From install to first successful relay in under five minutes.

Prerequisites

  • Node.js 18+
  • Claude Code CLI installed: npm install -g @anthropic-ai/claude-code
  • Active Claude subscription (Pro, Max, or Team) — this is your Authorized Execution Environment
  • inference-relay license key — get one at inference-relay.com/pricing

Install

npm install inference-relay

Configure

export IR_LICENSE_KEY=ir_live_xxxx

Replace ir_live_xxxx with the license key from your dashboard.

Integration Levels

inference-relay supports three integration levels. Pick the one that matches how much control you need over your provider configuration.
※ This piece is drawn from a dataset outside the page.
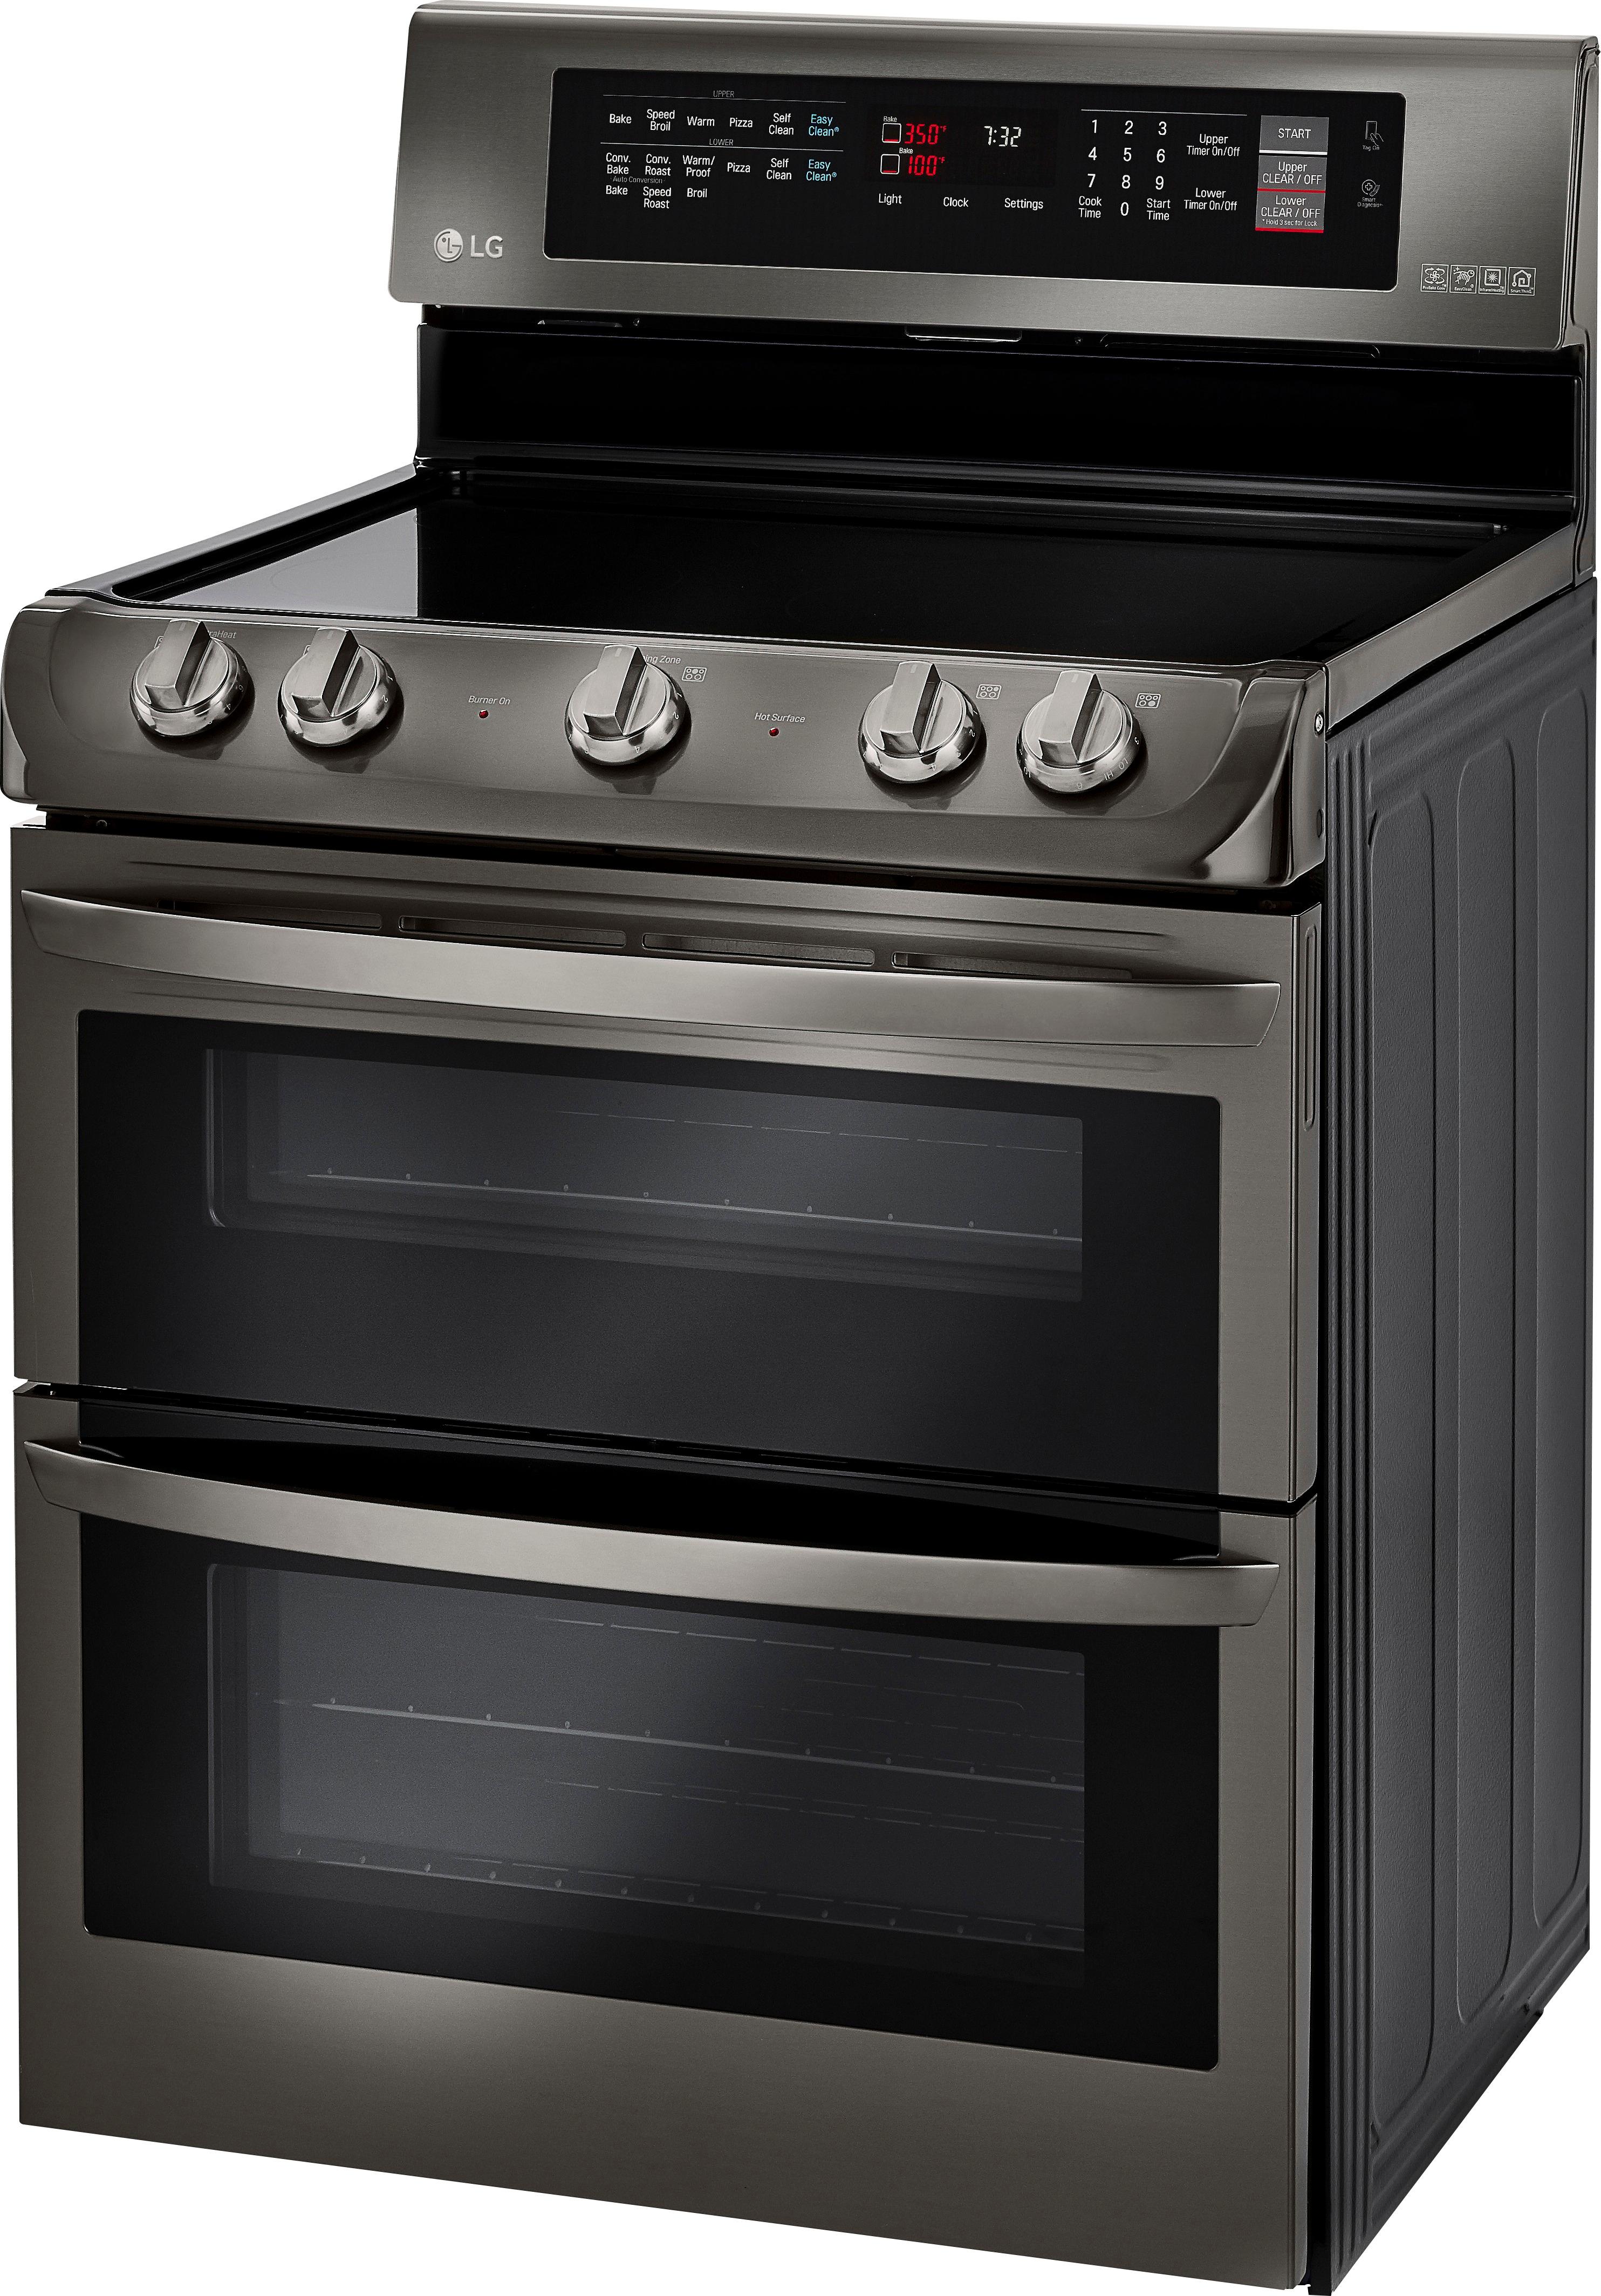 Black Stainless Steel Double Oven Electric Range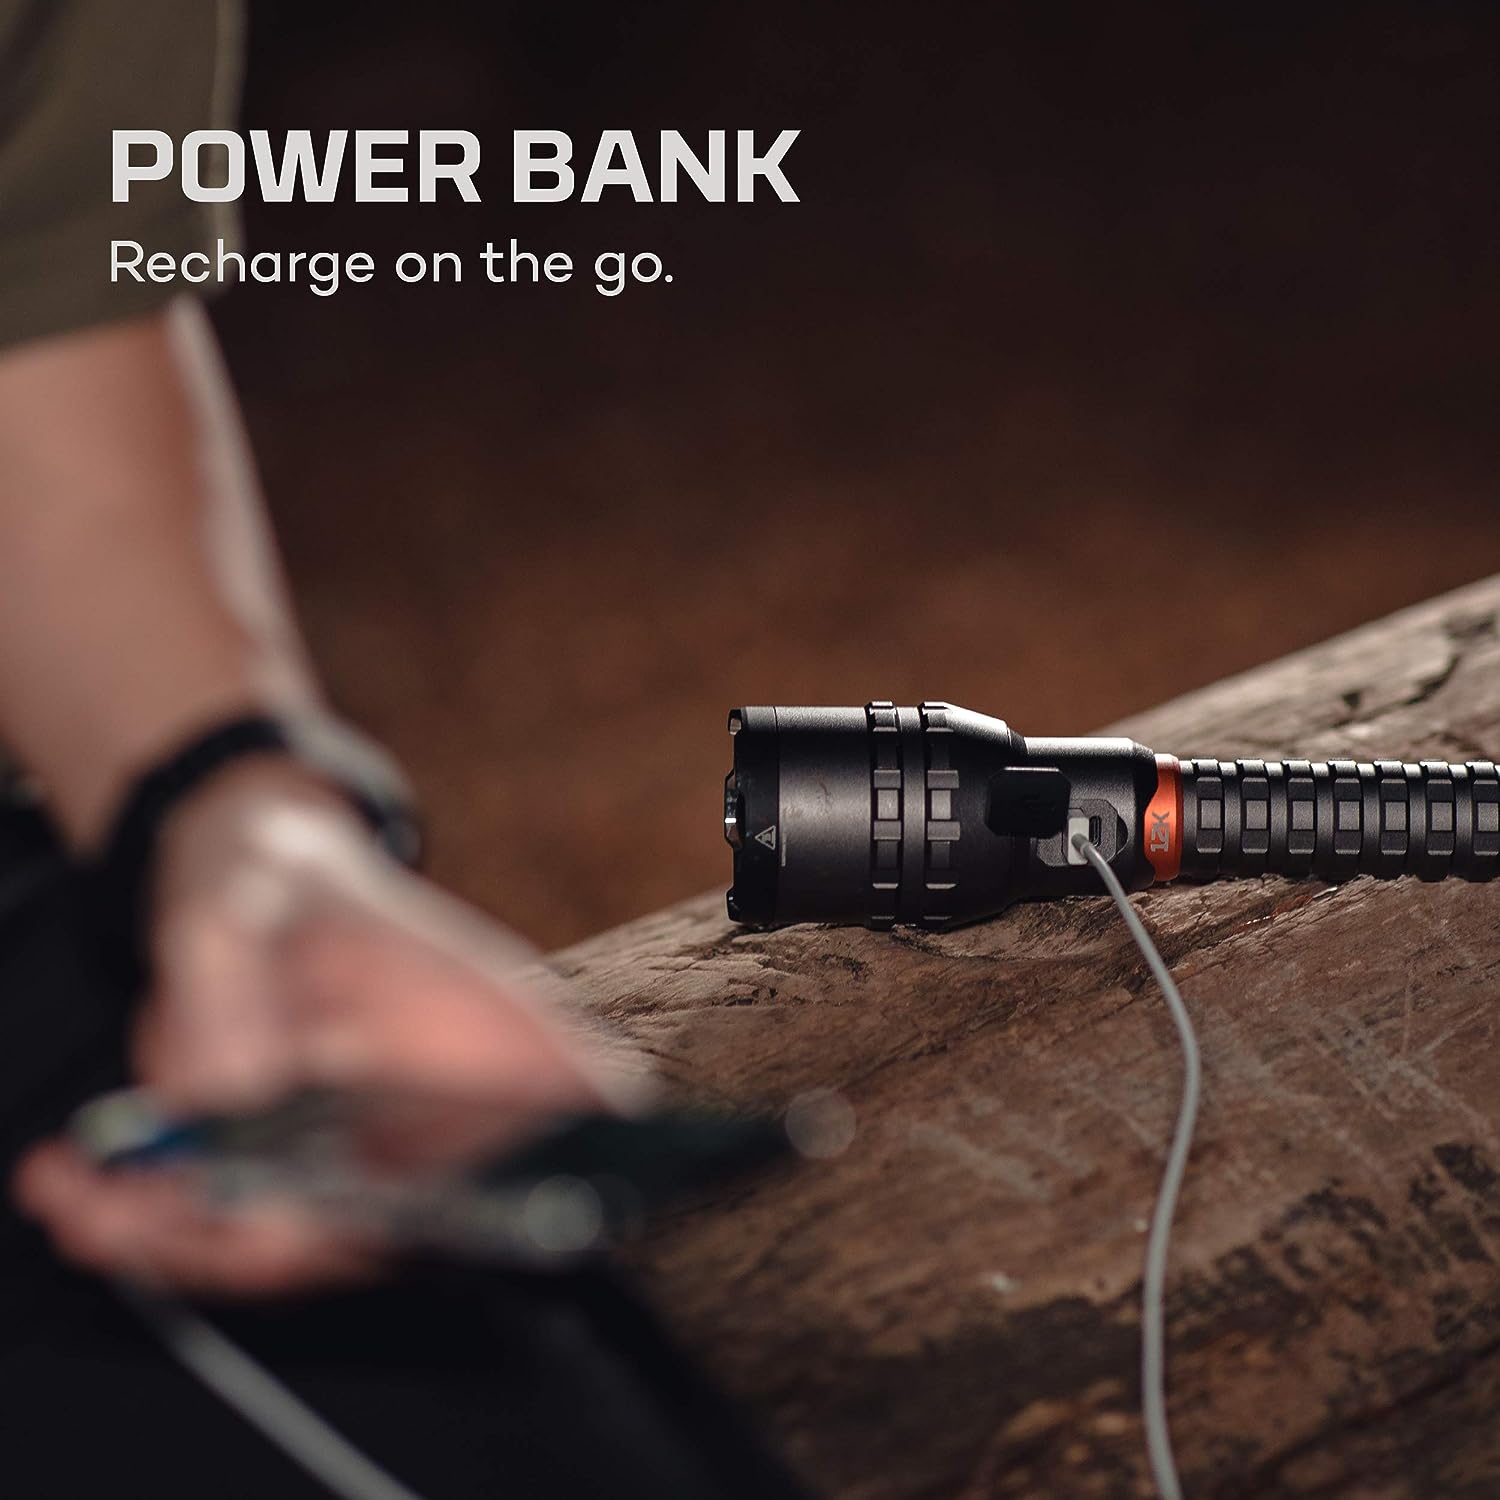 NEBO 12000 Rechargeable Flashlight with 2x Zoom, 5 Light Modes, Waterproof (IP67), and Power Bank, Bright Flashlight for Everday Carry, Hunting, Camping

All three are functionally equivalent — they just trade ergonomics for granularity.

Level 1
import 'inference-relay/auto'
Existing Anthropic SDK code. Zero changes elsewhere.
Level 2
new InferenceRelay({...})
Multiple SDK instances, custom routing, granular fallback control.
Level 3
IR_PROVIDER=claude-cli
Zero source changes. CI/CD, ephemeral deploys, contractor handoffs.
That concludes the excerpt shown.